Junior Derrick Wang in the Running for Success

By Betsy Tanenbaum
Derrick Wang track 2
Siddhartha Gautama, the founder of Buddhism, once said, “What we think, we become.” For most young athletes, identifying with this idea and putting it into place before athletic competitions is rare. This philosophy, however, is one that junior Derrick Wang connects with while on the track.
As Wang steps up to the starting line on the track, he immediately envisions himself crossing the finish line, leaving his opponents in the dust. For Wang, this mental image is not only a source of inspiration, but also helps define the moment in time and his specific goal.
Though Wang was not always a top competitor in Track and Field, he believes that this success has stemmed from a combination of vigorous physical training and mental focus since ninth grade. “My parents always told me I was fast, even as a toddler, and encouraged me to try sprinting in middle school. However, the turning point for me was when I placed top three in the 100-meter dash in the Freshman/ Sophomore Championship,” said Wang. This was the first time that Wang realized he could compete with some of the fastest runners on Long Island.
In order for Wang to reach his goals, he follows a strict training schedule. Wang trains six days a week with his practices varying in intensity. Some days, the team will work on starts and endurance, while on other days the team focuses on specific workouts. These workouts are created by coach Damon Reader and are designed to increase speed and endurance. Wang and the other sprinters must complete these workouts in specific time increments. “Coach Reader is constantly pushing me to do better,” said Wang. “He knows exactly what I need to do in order to improve.”
In addition to Wang’s involvement on the school track team, he also competes at USA Track and Field (USATF) meets with the Elmont Panthers Track Club. Wang also spent a weekend over the summer at Winged Foot Track Camp. His dedication to running is likely the reason for his improvement and overall success. His best time is 6.75 seconds in the 55-meter dash and 11.10 seconds in the 100-meter dash. Coach Reader admires that Wang takes it upon himself to find outside programs that will help him become the best he can be. Reader acknowledges that his success is not only due to his hard work, but also a result of the “god-gifted” fast twitch muscle fibers in his legs.

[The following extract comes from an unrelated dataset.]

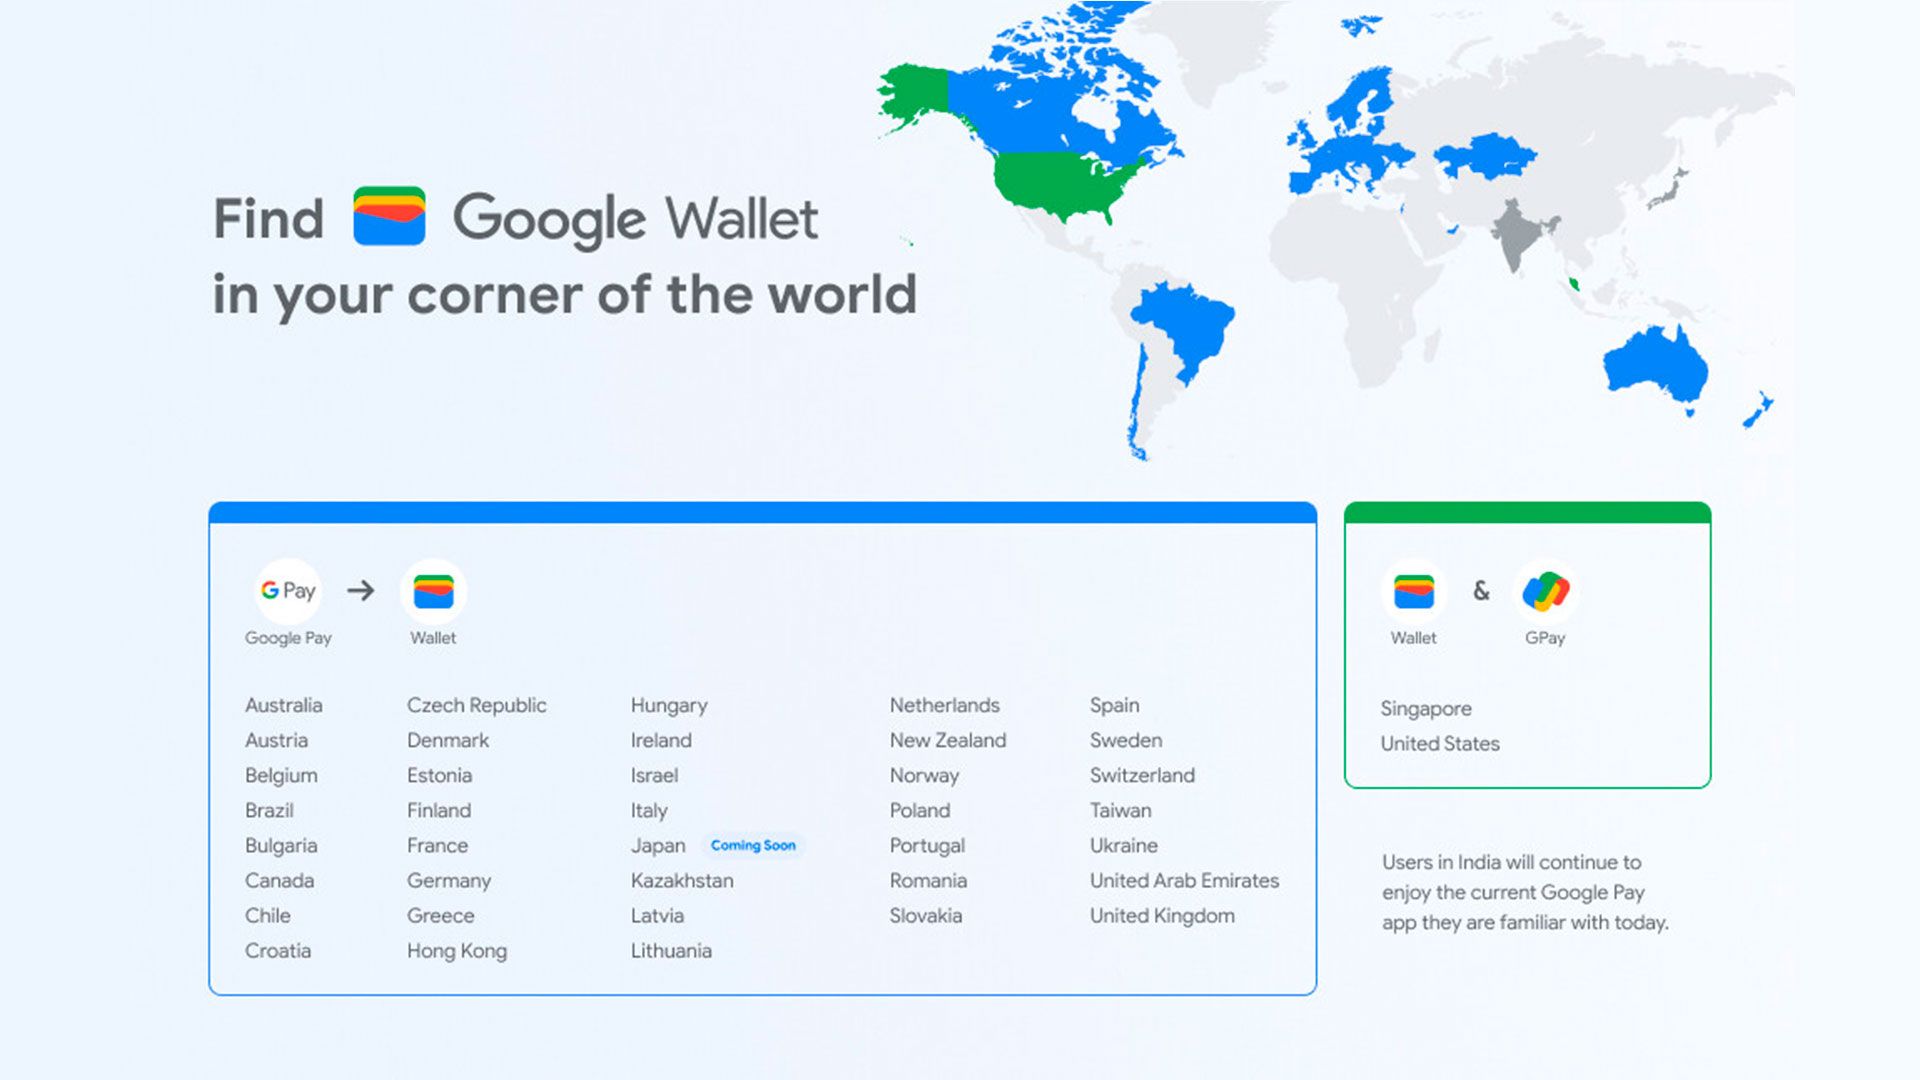  Страны, в которых появится Google Wallet.

Despite Wang’s achievements, including being named All American at the USTAF National Youth Championship, All Long Island at the Long Island Elite Meet, All Conference in the Conference Championships, a participant at the USTAF Junior Olympics, and the winner of three Coaches Awards, he hopes to improve his times by the end of his high school career. “I hope to run 6.62 seconds in the 55-meter dash, and 10.95 seconds in the 100-meter dash,” said Wang.
“Derrick is the fastest kid on the team, which automatically makes him a leader,” said coach Reader. “He continues to show personal growth, which is all a coach can hope for.”
Though Wang feels positive about what he has accomplished thus far, he is not satisfied. “I will continue working towards maintaining the right attitude and doing all I can to help the team.”